Handling Long Contexts
Master the operational side of multi-thousand token prompts, including batching and context management.
Handling Long Contexts
Claude 3.5 Sonnet supports up to 200,000 tokens. To put that in perspective, that's over 400 pages of text. While this opens up massive RAG possibilities, it also presents new challenges.
When to Use Long Context RAG
- Legal Discovery: Loading 50 contracts into a single prompt for cross-comparison.
- Deep Code Analysis: Ingesting an entire repository to find a bug.
- Historical Summarization: Analyzing a decade of quarterly reports in one go.
Operational Challenges
1. Latency
A 100k token prompt can take 20-30 seconds to process (Time to First Token). This makes it unsuitable for "Interactive Chat" but perfect for "Analytical Reports."
2. Context Caching (Critical)
Anthropic's Prompt Caching allows you to "save" the first 100k tokens of a prompt and only pay/wait for the new additions.
- Setup: Mark the
contextblock with acache_controlflag. - Benefit: Up to 90% cheaper and 10x faster for repeated queries.
3. Context Window Saturation
If you fill the window to 90% capacity, the model's reasoning accuracy may dip.
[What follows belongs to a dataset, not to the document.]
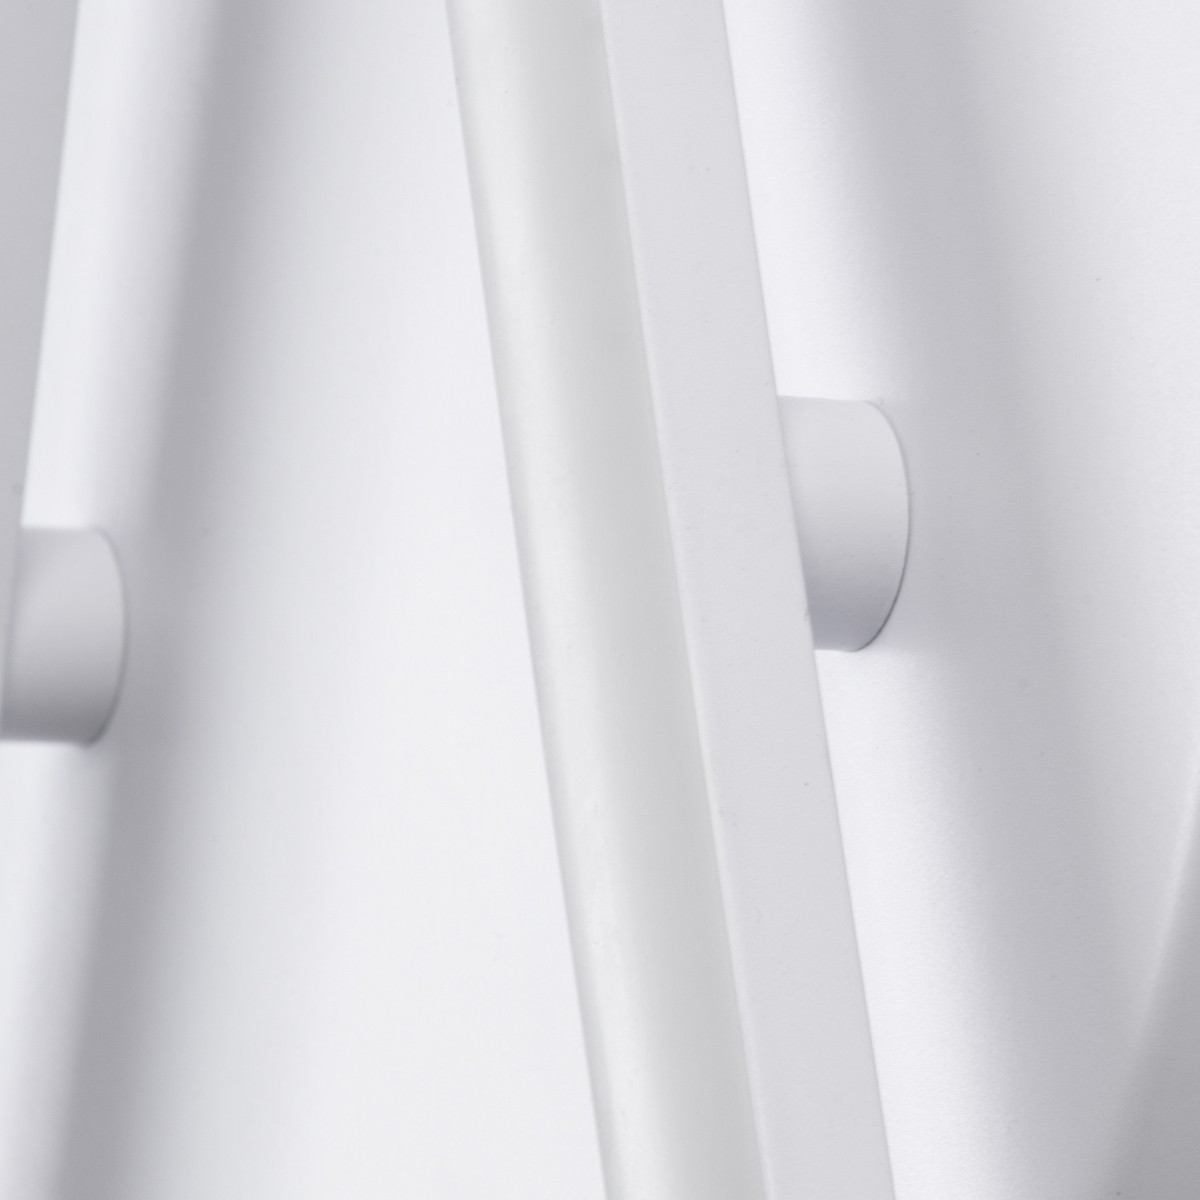 LED Φωτιστικό Οροφής Λευκό Γραμμικό Linear Design DRACO 36W με Εναλλαγή Φωτισμού Dimmable Φ560 x Υ6cm 61092

Target 50-70% occupancy for mission-critical tasks.
Best Practices for Long Prompts
- Structure Clearly: Use Headers, Page Numbers, and ID tags.
- Summarize Chunks: If you have 500 documents, don't send all of them. Send the top 50 in full and summaries of the rest.
- Chunked Generation: If you need to summarize 200k tokens, don't ask for one summary. Use a "sliding window" or "hierarchical" summarization approach.
Implementation Example: Mapping large files
{
"system": "Analyze the following documentation repository.",
"messages": [
{
"role": "user",
"content": [
{
"type": "text",
"text": "File: main.py\n(10,000 lines of code...)",
"cache_control": {"type": "ephemeral"}
},
{"role": "user", "content": "Where is the auth logic?"}
]
}
]
}
Exercises
- Calculate the token count of your favorite book. Would it fit in Claude's window?
- How does "Prompt Caching" change the ROI (Return on Investment) of a RAG system?
- What is a "Map-Reduce" strategy for summarization?